Parker M J, Spencer J, Jackson G S, Burston S G, Hosszu L L, Craven C J, Waltho J P, Clarke A R
Department of Biochemistry, School of Medical Sciences, University of Bristol, U.K.
Biochemistry. 1996 Dec 10;35(49):15740-52. doi: 10.1021/bi961330s.
Bacillus stearothermophilus phosphoglycerate kinase (bsPGK) is a monomeric enzyme of 394 residues comprising two globular domains (N and C), covalently linked by an interdomain alpha-helix (residues 170-185). The molecule folds to the native state in three stages. In the first, each domain rapidly and independently collapses to form an intermediate in which the N-domain is stabilized by 5.1 kcal mol-1 and the C-domain by 3.3 kcal mol-1 over their respective unfolded conformations. The N-domain then converts to a folded state at a rate of 1.2 s-1 (delta GI-F = 3.8 kcal mol-1), followed by the C-domain at 0.032 s-1 (delta GI-F = 12.1 kcal mol-1). It is this last step that limits the rate of acquisition of enzyme activity. In the dynamics of unfolding in water, the N-domain converts to the intermediate state at a rate of 8 x 10(-4) s-1, some 10(7) times faster than the C-domain. Consequently, the most populated intermediate in the folding reaction has a native-like N-domain, while that in the unfolding direction has a native-like C-domain. In a conventional sense, therefore, the folding/unfolding kinetics of bsPGK can be described as random order. Consistent with these observations, cutting the molecule in the interdomain helix produces two, independently stable units comprising residues 1-175 and 180-394. A detailed comparison of their folding behavior with that of the whole molecule reveals that true interdomain contacts are relatively weak, contributing approximately 1.4 kcal mol-1 to the stability of the active enzyme. The only interactions which contribute to the stability of rapidly formed intermediates or to transition states along the productive folding pathways are those within domain cores.
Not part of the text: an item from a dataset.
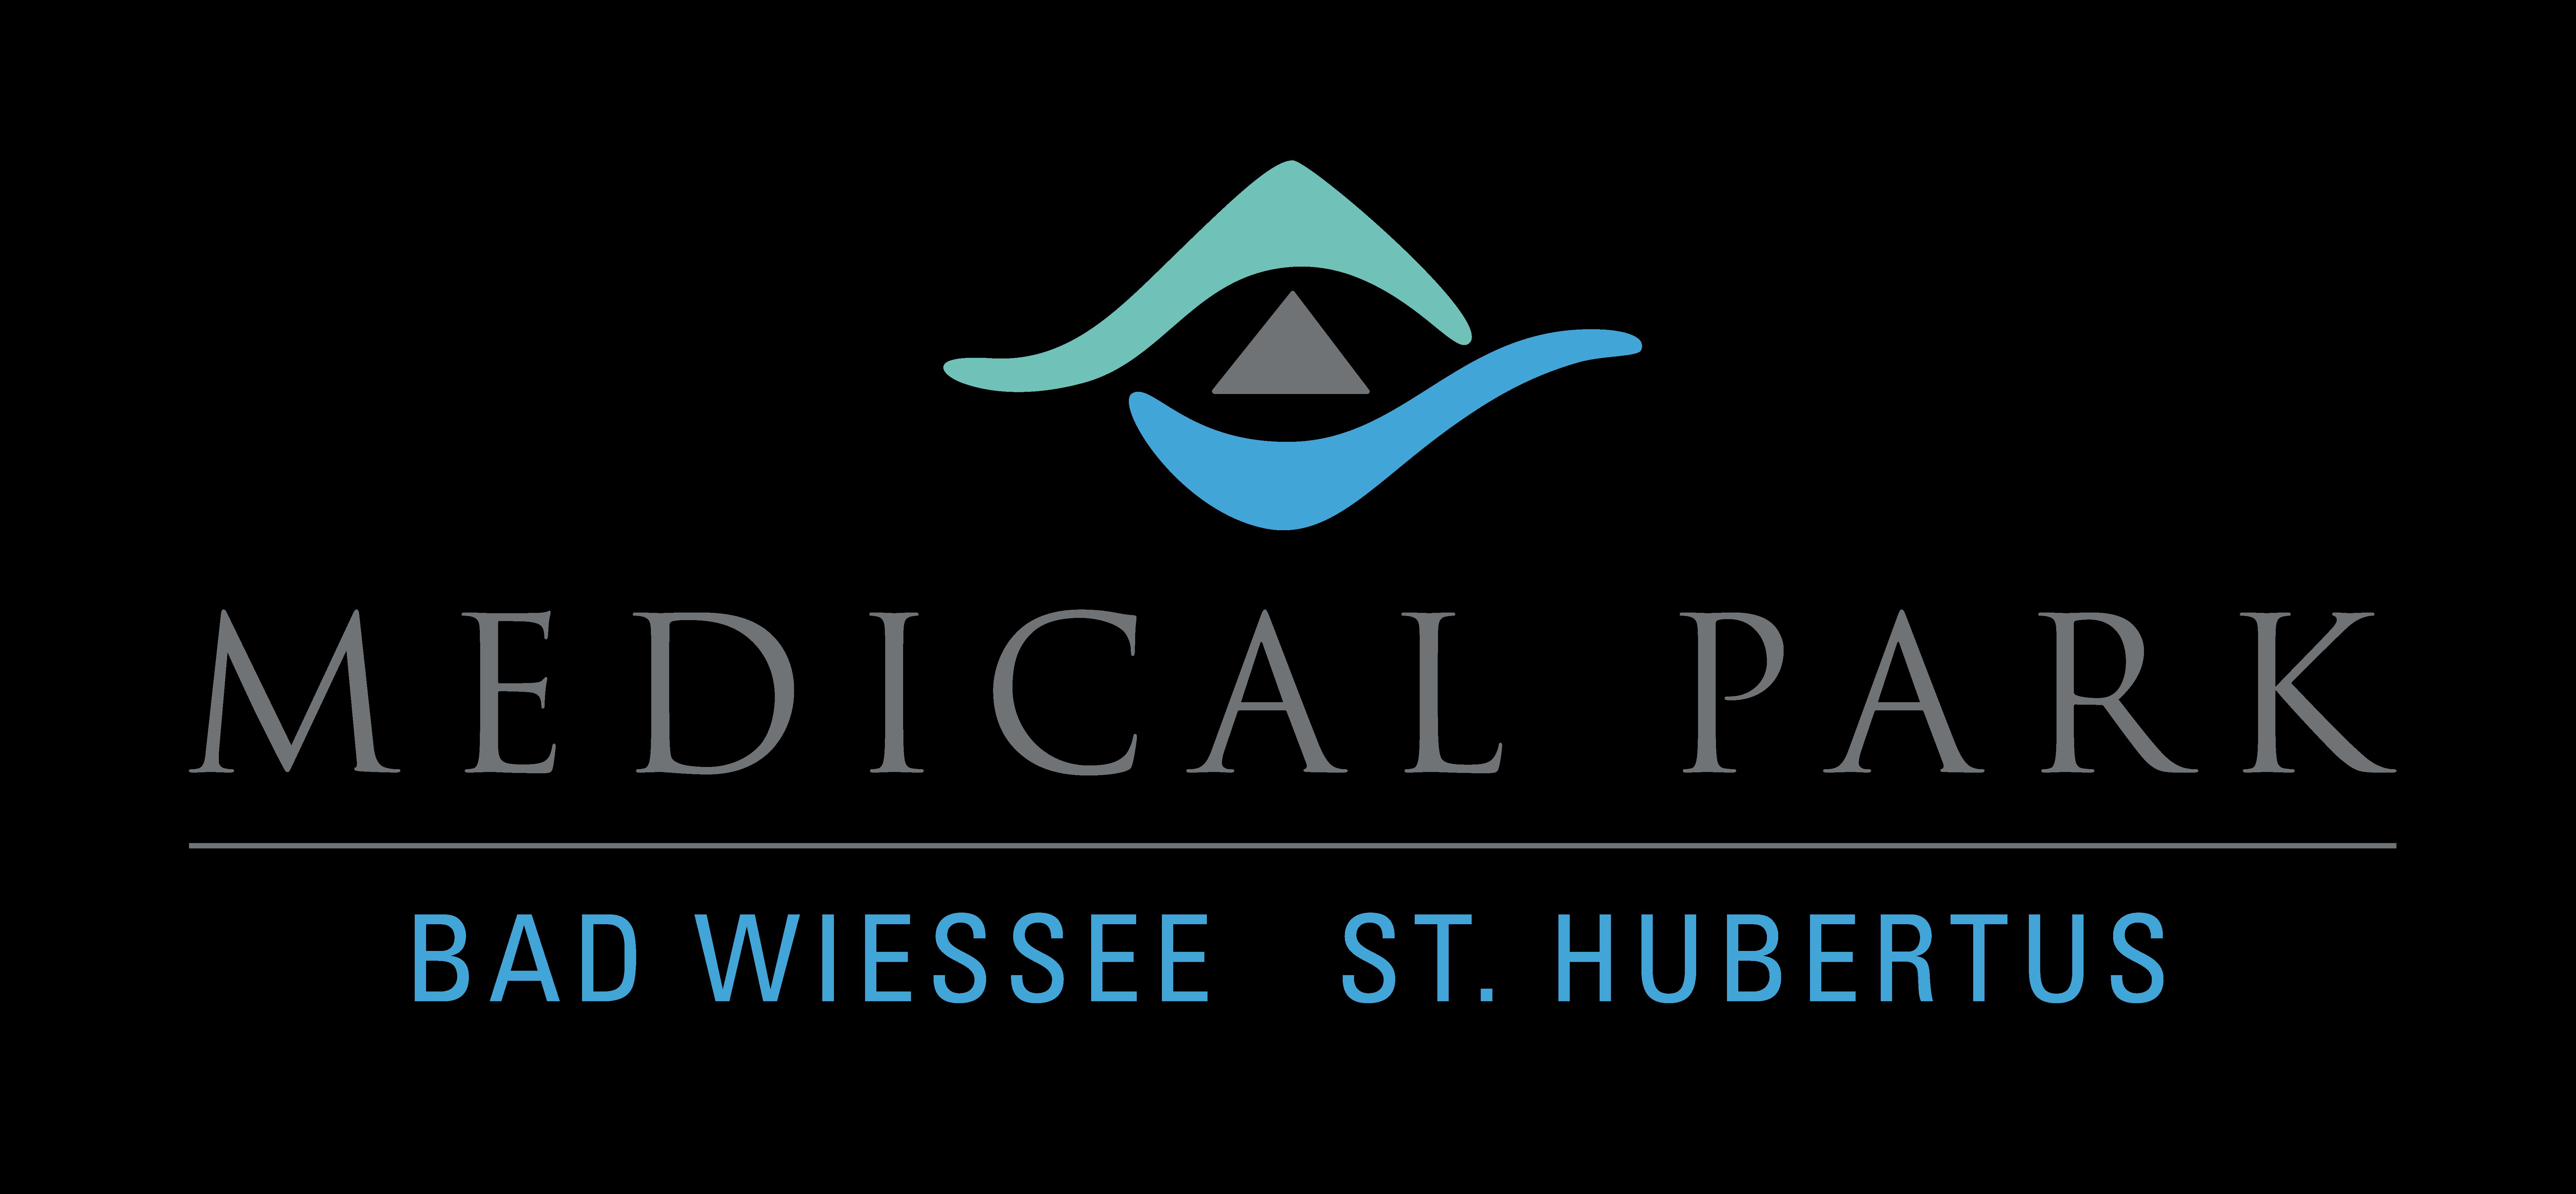 Medical Park Bad Wiessee St. Hubertus

Contacts formed either between domains or with the interdomain helix are made only in the folded ground state, but do not constitute a separate step in the folding mechanism. Intriguingly, the most pronounced effect of interdomain contacts on the kinetics of folding is inhibitory; the presence of the C-domain appearing to reduce the effective rate of acquisition of native structure within the N-domain.
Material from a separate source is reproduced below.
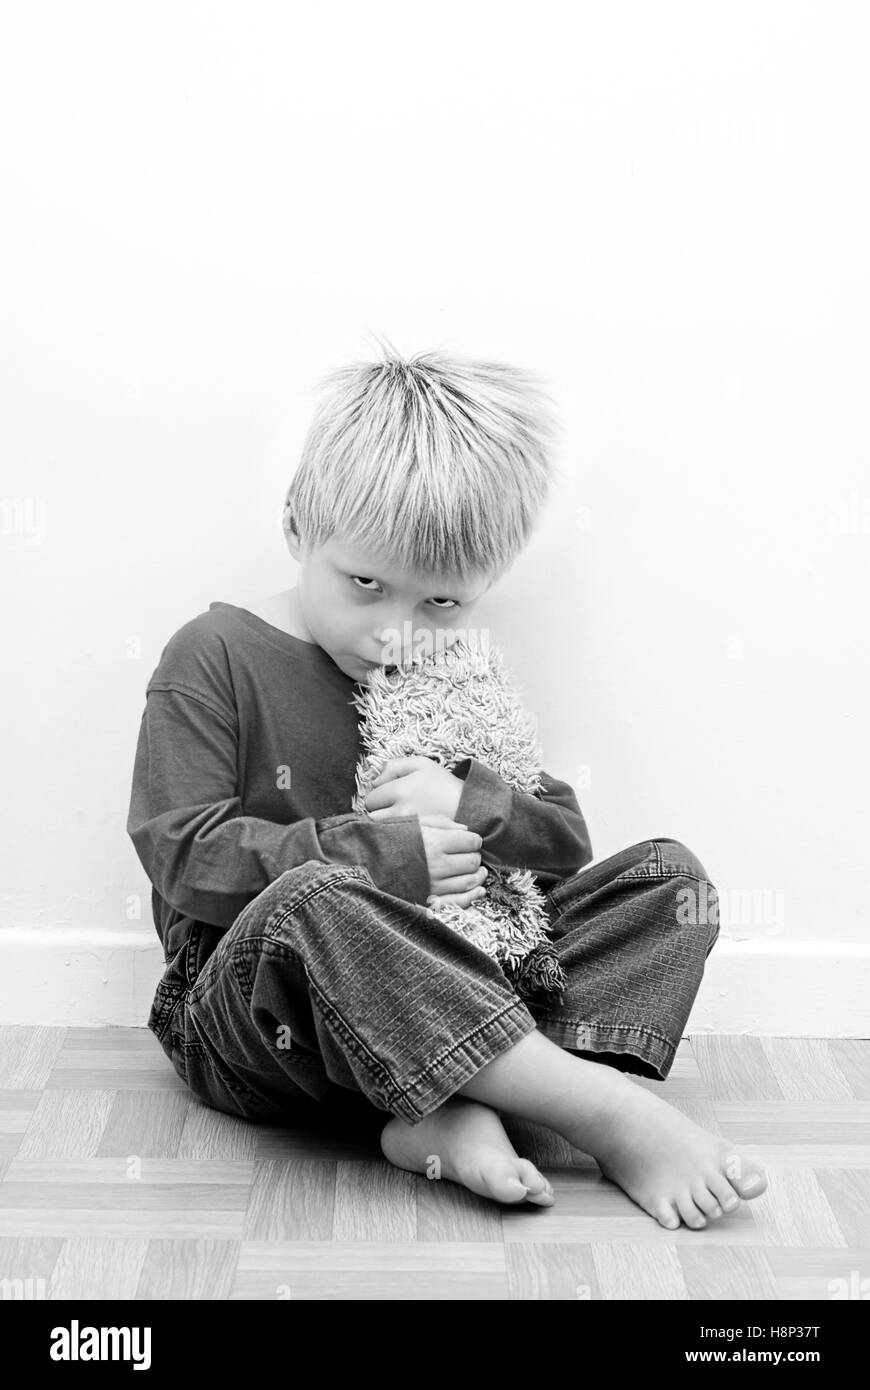 Contrasty Image of Child representing Autistic Behaviour

嗜热栖热芽孢杆菌磷酸甘油酸激酶(bsPGK)是一种由394个残基组成的单体酶,包含两个球状结构域(N和C),通过一个结构域间的α螺旋(残基170 - 185)共价连接。该分子在三个阶段折叠成天然状态。在第一阶段,每个结构域迅速且独立地折叠形成一个中间体,其中N结构域相对于其各自的未折叠构象稳定化程度为5.1千卡/摩尔,C结构域为3.3千卡/摩尔。然后,N结构域以1.2秒^-1的速率转变为折叠状态(ΔG_I - F = 3.8千卡/摩尔),接着C结构域以0.032秒^-1的速率转变(ΔG_I - F = 12.1千卡/摩尔)。正是这最后一步限制了酶活性获得的速率。在水中展开的动力学过程中,N结构域以8×10^(-4)秒^-1的速率转变为中间状态,比C结构域快约10^7倍。因此,折叠反应中最主要的中间体在N结构域具有类似天然的结构,而在展开方向上的中间体在C结构域具有类似天然的结构。所以,从传统意义上讲,bsPGK的折叠/展开动力学可以描述为随机顺序。与这些观察结果一致,在结构域间螺旋处切割该分子会产生两个独立稳定的单元,分别包含残基1 - 175和180 - 394。将它们的折叠行为与整个分子的折叠行为进行详细比较表明,真正的结构域间接触相对较弱,对活性酶的稳定性贡献约为1.4千卡/摩尔。对沿着有效折叠途径快速形成的中间体或过渡态稳定性有贡献的唯一相互作用是结构域核心内的相互作用。结构域之间或与结构域间螺旋形成的接触仅在折叠的基态中形成,但不构成折叠机制中的一个独立步骤。有趣的是,结构域间接触对折叠动力学最显著的影响是抑制性的;C结构域的存在似乎降低了N结构域内天然结构有效获得的速率。